A diferença pós S.O.S. Leite em relação ao passado é a busca de apresentação de demandas concretas com base em argumentos técnicos. O trabalho que a CNA e federações estaduais de agricultura fizeram, juntamente com a Associação Leite Brasil, deixa pouca margem para que os economistas do Governo possam desconhecer seus argumentos. Com a entrada da OCB e da CBCL neste cenário recentemente, ganha o setor, pois são mais técnicos experientes atuando em frentes convergentes e complementares.

No final de março próximo passado, a Câmara Setorial do Leite, criada pelo ministro Roberto Rodrigues, acatou sugestão de uma das entidades que dela participa, a Leite São Paulo, e criou um grupo temático com o propósito de propor ações que, vistas em conjunto, comporiam uma proposta de política de longo prazo para o setor. Coordenado pela Associação Leite Brasil e tendo na relatoria a Embrapa Gado de Leite, participaram deste grupo ainda representantes do CONIL, da OCB, da CBCL, do MDA, da CONTAG e da CNA.

Uma primeira versão do trabalho desse grupo foi submetida aos participantes do Unilac, realizado no início de julho, em Belo Horizonte. Pesquisadores da Embrapa Gado de Leite atuaram como relatores dos cinco workshops simultâneos que apreciaram o documento, suprimindo, acrescentando ou modificando propostas nele contidas.
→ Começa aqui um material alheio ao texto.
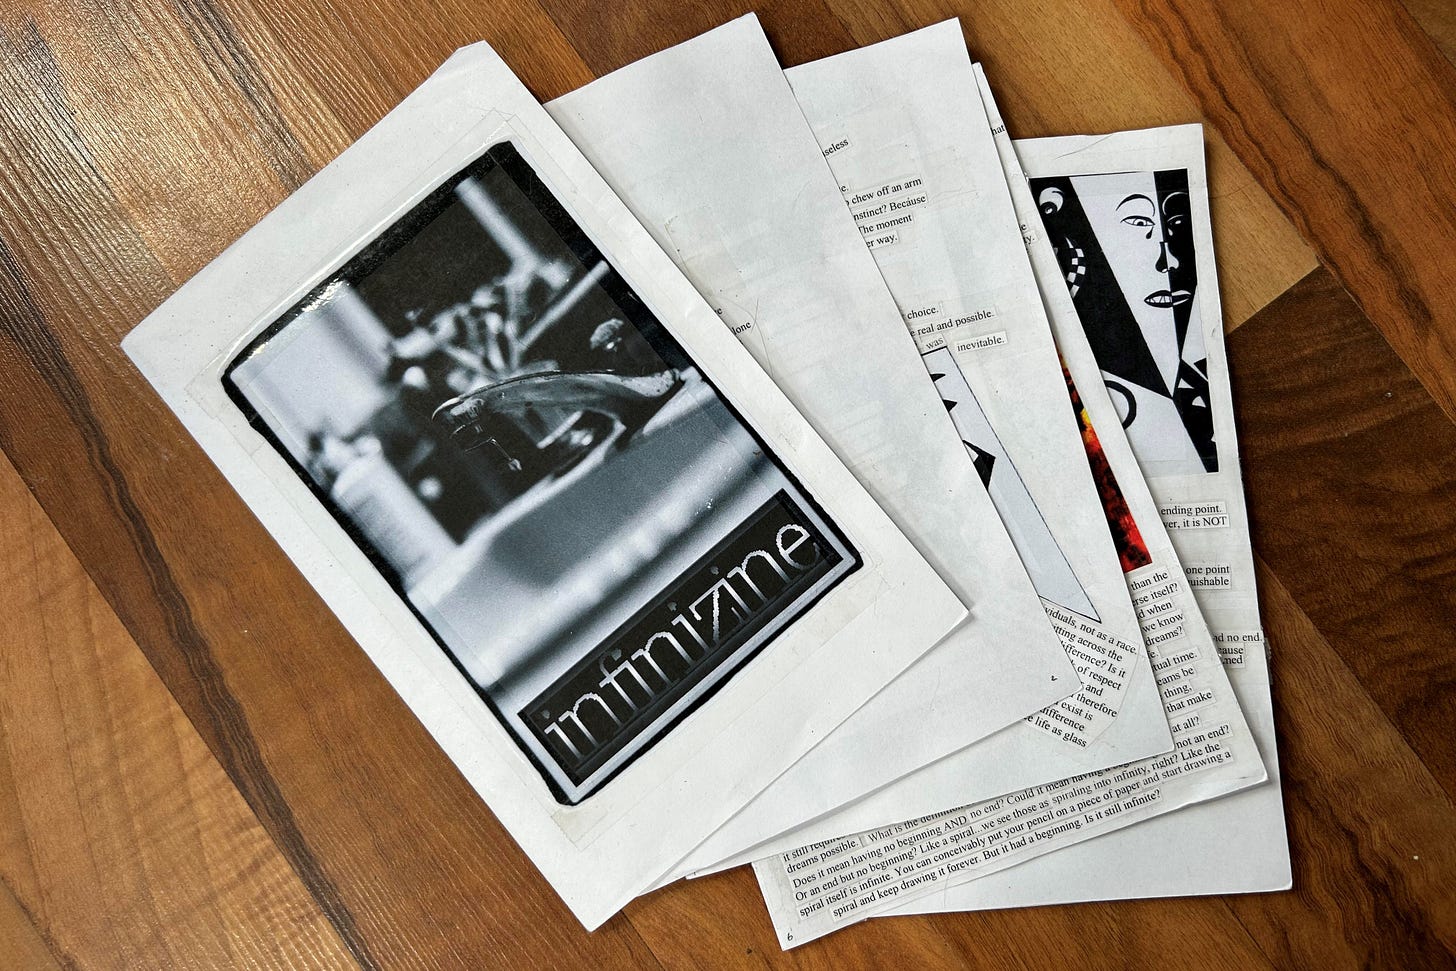 A half-page booklet has been arranged with its leaves fanned out like a hand of playing cards. Peeking out from the edges of each page can be seen type-written cut-out text that has been arranged in a collage, with some high-contrast but unidentifiable imagery. The cover of the booklet features the word "infinizine" in lower-case faux-metallic text below a dramatic black and white photo of a dripping faucet. The cover photo has been attached to the booklet with scotch tape.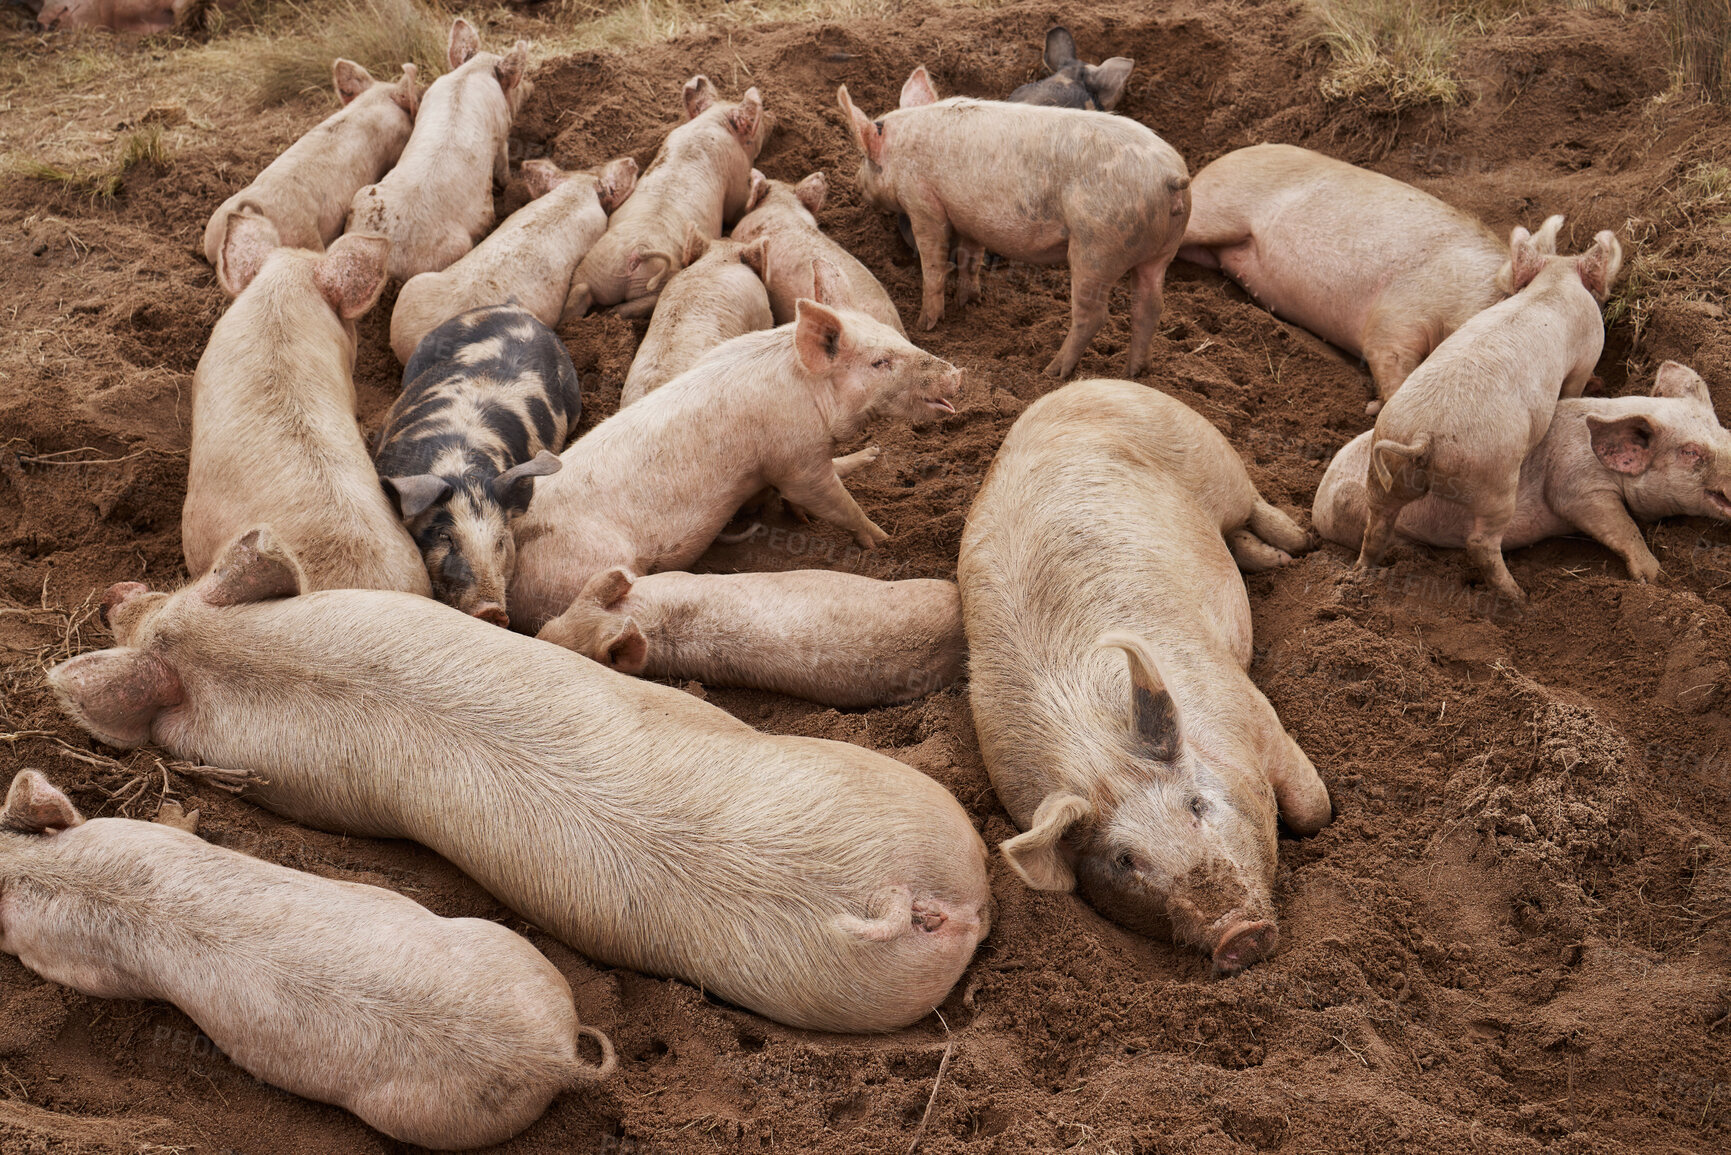 Buy stock photo Shot of pigs lying in the mud on a farm

O resultado foi apresentado em15 de julho aos membros da Câmara Setorial, que irão aprecia-lo em suas instituições e delibera-lo sobre seu conteúdo na próxima reunião, marcada para Passo Fundo - RS, em setembro próximo.

Embora ainda esteja sob apreciação, este documento já surge como um marco do setor, pois foge do padrão de documentos deste tipo, ou seja, apenas reivindicações do setor produtivo. Em geral, são assim: um consolidado de pontos a serem atendidos, um rol de reclamações, em que, sabe-se, impossível ser atendidos na íntegra. Este documento, não! É, na verdade, uma carta-compromisso. Pontos que precisam ser atacados isoladamente pelo setor privado, pelo setor público e por ambos, em conjunto. E poucas são as propostas aparentemente não factíveis. Aparentemente, porque é possível que, no momento atual, pouco espaço disponível haja. Mas não estamos focando o hoje. Estamos olhando o futuro, que será construído por todos nós, em algum nível.

Essa é uma ação de maturidade. Ainda não chegamos no nível dos japoneses, que abrem caderneta de poupança para quando os netos completarem 18 anos. Não somos uma sociedade madura, não acreditamos totalmente em nossas instituições. Mas no leite, já começamos a olhar lá na frente. E pensando no futuro, temos como construí-lo, no presente.

A estrutura é o somatório de conjunturas. Nosso comportamento conjuntural tem de ser pautado pelo que queremos ver estruturado para o setor lácteo nacional. E isso somente é possível, se minimizarmos as contradições e valorizarmos as convergências. Maturidade e convergência - essas são as palavras de ordem. Iniciamos uma nova etapa do setor lácteo nacional. Ou não?